What causes peak tailing HPLC?
The primary cause of peak tailing is the occurrence of more than one mechanism of analyte retention. Secondary analyte interactions, with ionised silanols on the silica surface, give rise to peak tailing. These interactions need to be minimised to achieve acceptable peak shapes.
What causes tailing?
The most common cause of peak tailing for nonactive compounds is column contamination. These contaminants are relatively nonvolatile, and they accumulate in the column over time. These types of contaminants usually originate in the sample and are species such as polymeric materials, salts, and proteins.
How do I fix peak broadening in HPLC?
In both cases the solution is quite simple: Dilute the sample or reduce the injection volume. The pH of the mobile phase can also have a strong influence on the peak width. Depending on the chemical property of a sample, it can be ionized in different ways, i.e., completely protonated, deprotonated or neutral.
What is tailing factor in HPLC?
Tailing Factor (Tf) is the USP coefficient of the peak symmetry.
How can I improve my peak shape?
Steps that can be taken to improve early eluting peak shape:
- Use a split injection. This limits the amount of solvent that gets onto the column and reduces how much analyte dissolves in pooled solvent.
- Decrease the injection volume.
- Use a pressure pulsed injection.
- Use a guard column.
- Increase the column film thickness.
What causes RSD failure in HPLC?
Column temperature fluctuations (especially evident in ion exchange systems). Column overloading. (Retention times usually decrease as mass of solute injected on column exceeds column capacity.) Sample solvent incompatible with mobile phase.
What causes peak shouldering?
Split Peaks / Shoulder Peaks This phenomenon also occurs when the column is poorly packed and that the packing bed settles under the system pressure or that the mobile phase pH is too high and dissolves the silica thus creating a void at the column inlet.
Why are there no peaks in HPLC?
Make sure that you only inject samples that you’ve filtered through at least a 0.45um filter before injecting into your HPLC. When you observe no peaks, first check to insure that your needle valve seat and injection needle are not plugged.
What causes peak broadening?
Peak broadening or splitting in capillary gas chromatography may be due to condensed solvent flooding the inlet of the column. Solvent introduced by cold on-column injections or recondensed after a splitless injection (solvent effect) travels into the column as a liquid.
What is a good tailing factor?
Acceptable Tailing A new column is considered acceptable if the As value is 0.9 – 1.2 (0.9 indicates slight fronting). In practical terms, an As value below 1.5 is usually OK to work with, and up to As = 2.0 may be acceptable depending on the separation and resolution of the peaks.

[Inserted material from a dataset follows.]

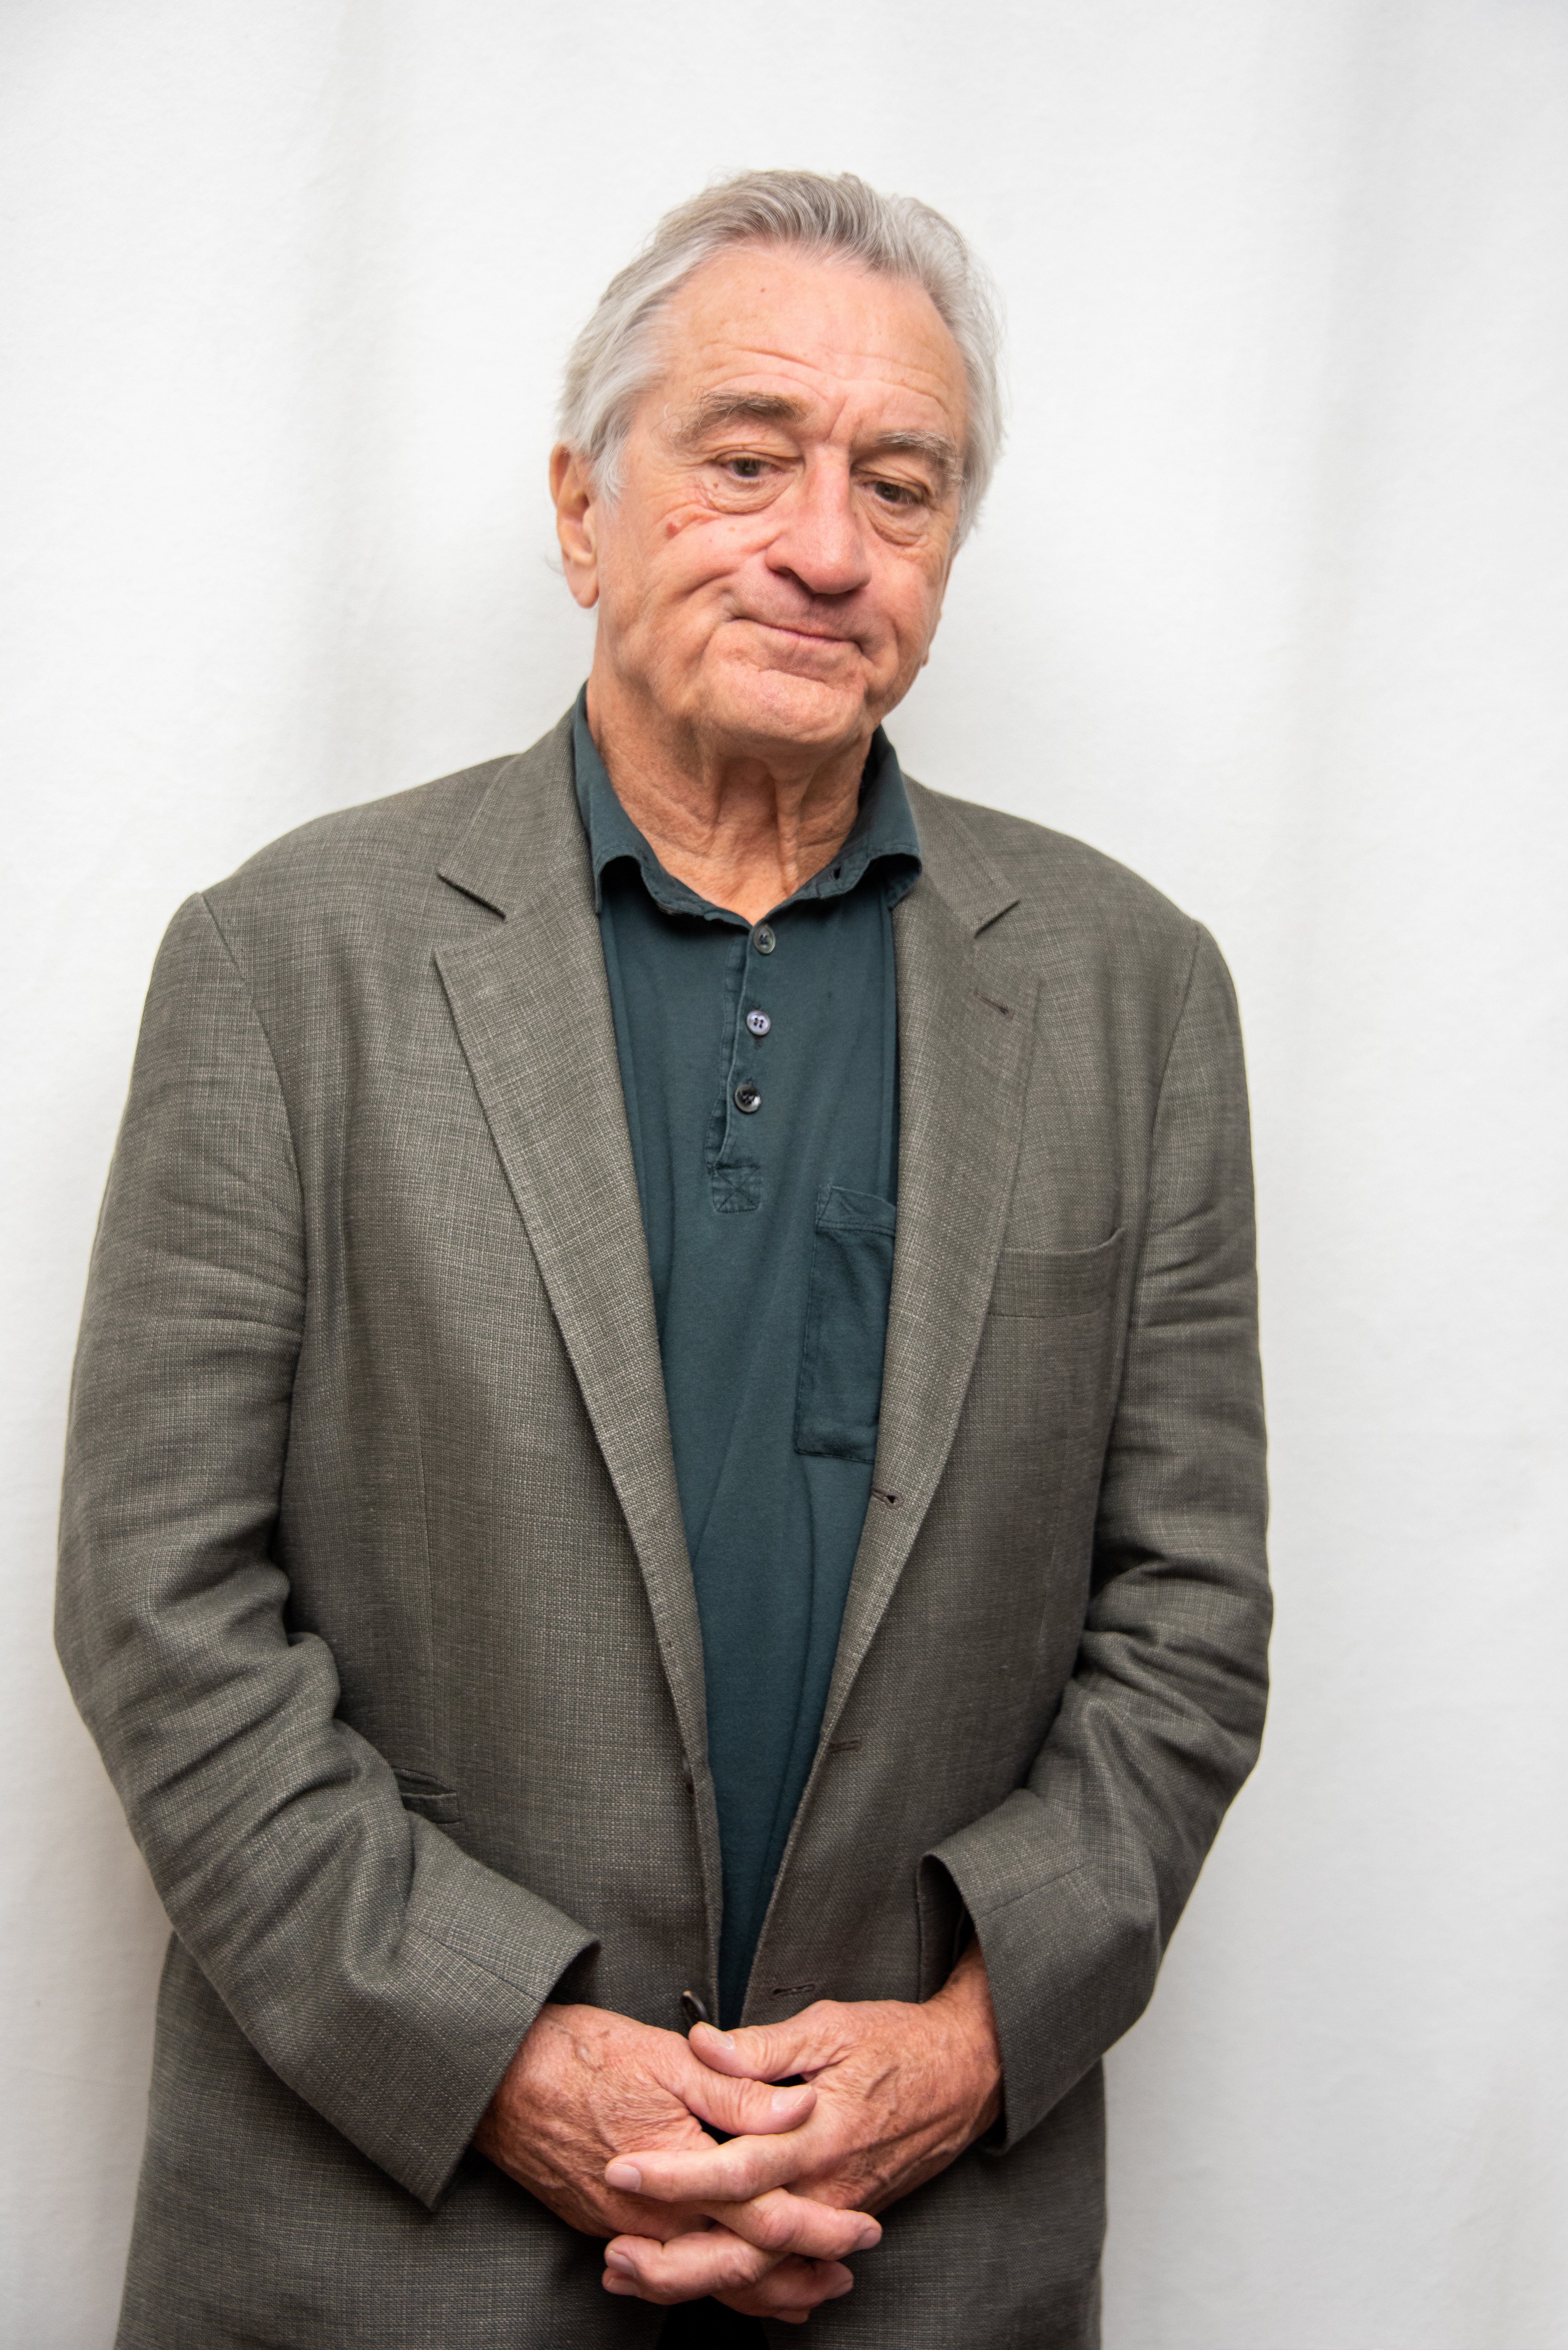 Robert De Niro at the press conference for "The Irishman" on October 25, 2019 | Source: Getty Images

What is the resolution formula in HPLC?
HPLC resolution R Resolution is an important HPLC performance indicator usually assessed by how quickly and how completely target components in a sample separate as they pass through a column. Resolution is measured by dividing the difference in peak retention times by the average peak width.
Why is peak broadening bad?
Aiming to be in peak shape Poor peak shape can cause integration and resolution errors in your analysis — which ultimately means poor analysis and wasted time and money.

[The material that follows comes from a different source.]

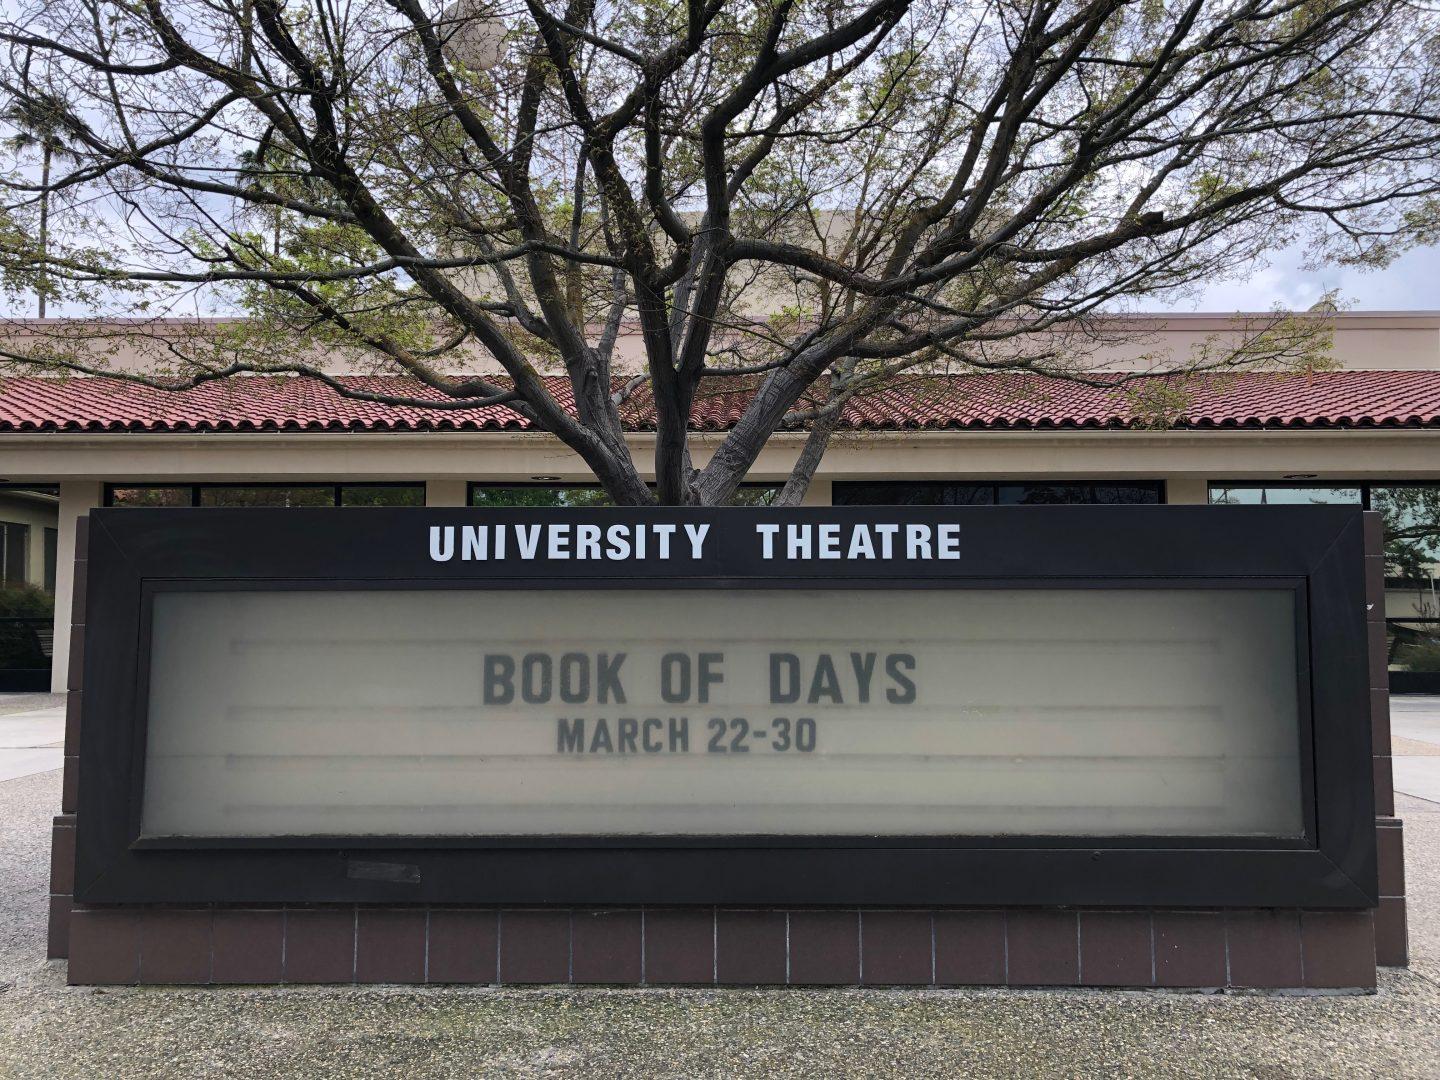 The production Book of Days will be opening Friday at 7:30 p.m. in the Dennis and Cheryl Woods Theatre. (Marilyn Castaneda/The Collegian)

When does tailing come and go on a HPLC?
Interfering coelution- If you have tailing only for one or two of your peaks, there may be an interfering contaminant that coelutes. If that is the case, you might see the tailing come and go, and a shoulder may appear at times.
How to troubleshoot peak shape problems in HPLC?

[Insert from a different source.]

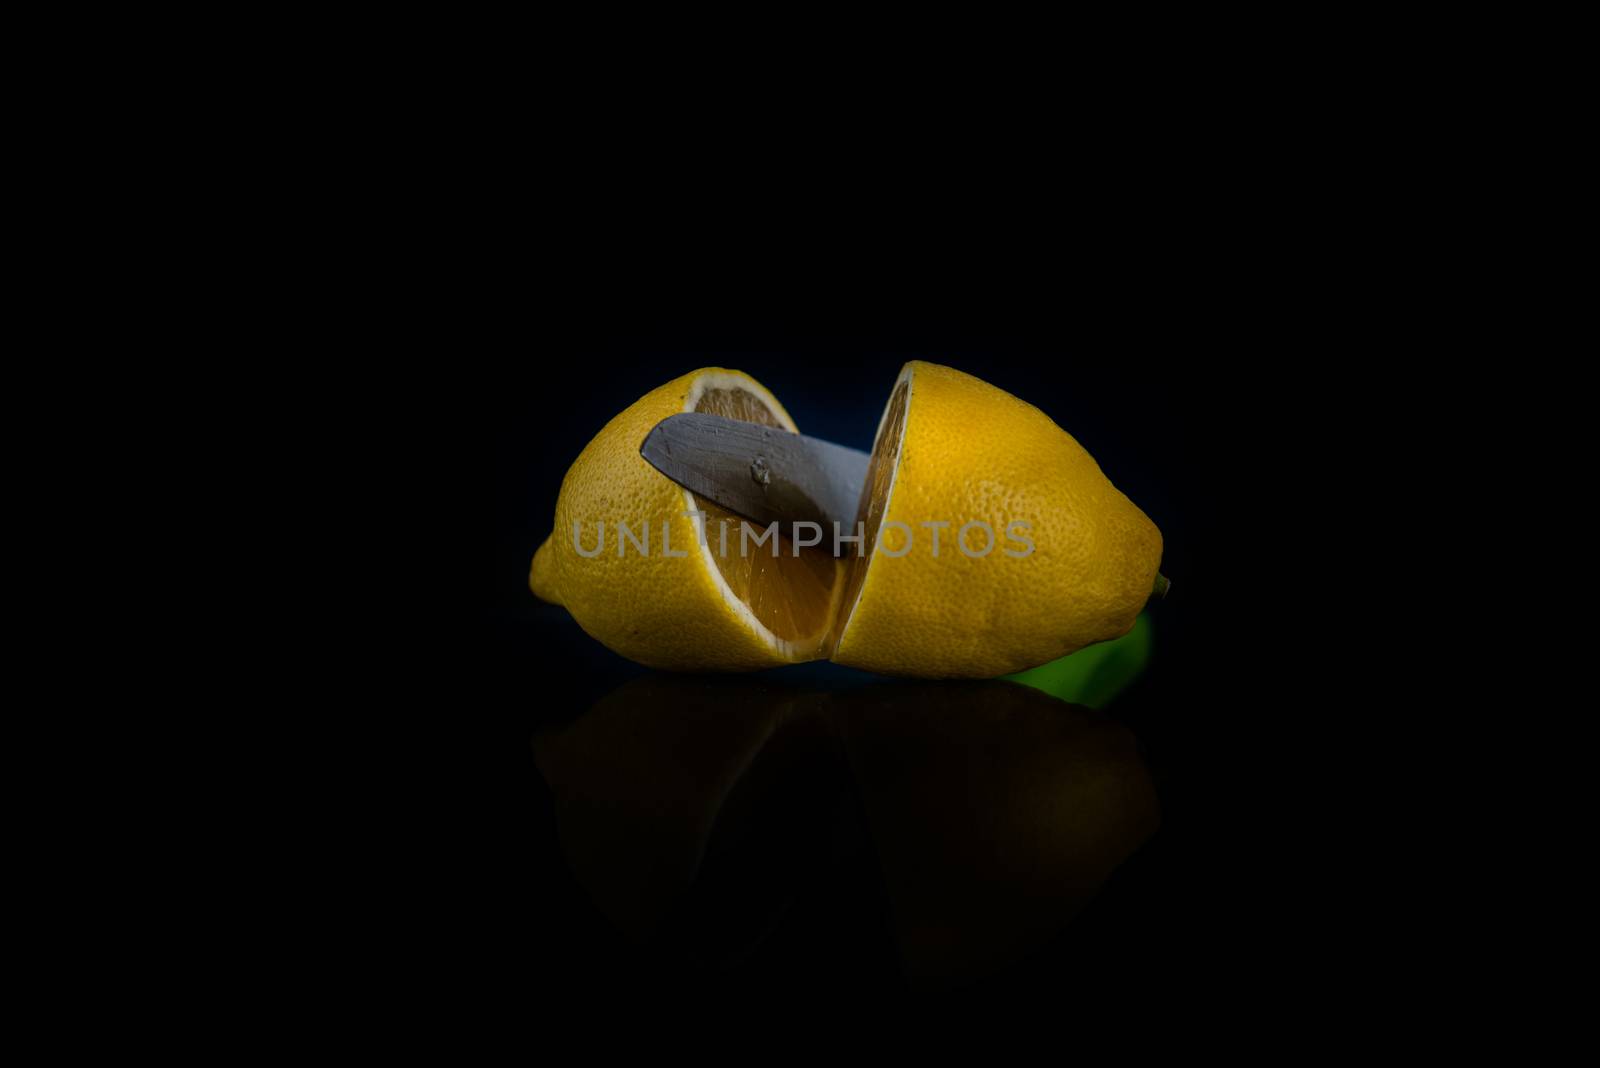 two halves of lemon cut with a knife on a black background by marynkin

Troubleshooting – HPLC Peak Shape Problem & Ghost Peak 1 Small Peak. Using different mobile phase and HPLC columns to separate and compare samples, and select suitable separation conditions. 2 Tailing Peak & Leading Peak. Interference peak. 3 Double Peak Phenomenon. 4 Ghost Peak
What causes peak tailing in an eluting compound?
Cause 4: Sometimes, the presence of excessive extra column dead volume can result in peak tailing. This problem usually effects the peak shape of the early eluting peaks. Later eluting compounds will be more influenced by the packing material itself as these reside longer in the material.
What does the tail of a HPLC peak look like?
The trailing edge (tail) of the peak slowly drops off towards the baseline and is non-Gaussian in shape. For those with GC experience it appears similar to a peak that “bleeds” and continues to interact with the column for an extended period of time. Flow path Diffusion (from extra-delay volume).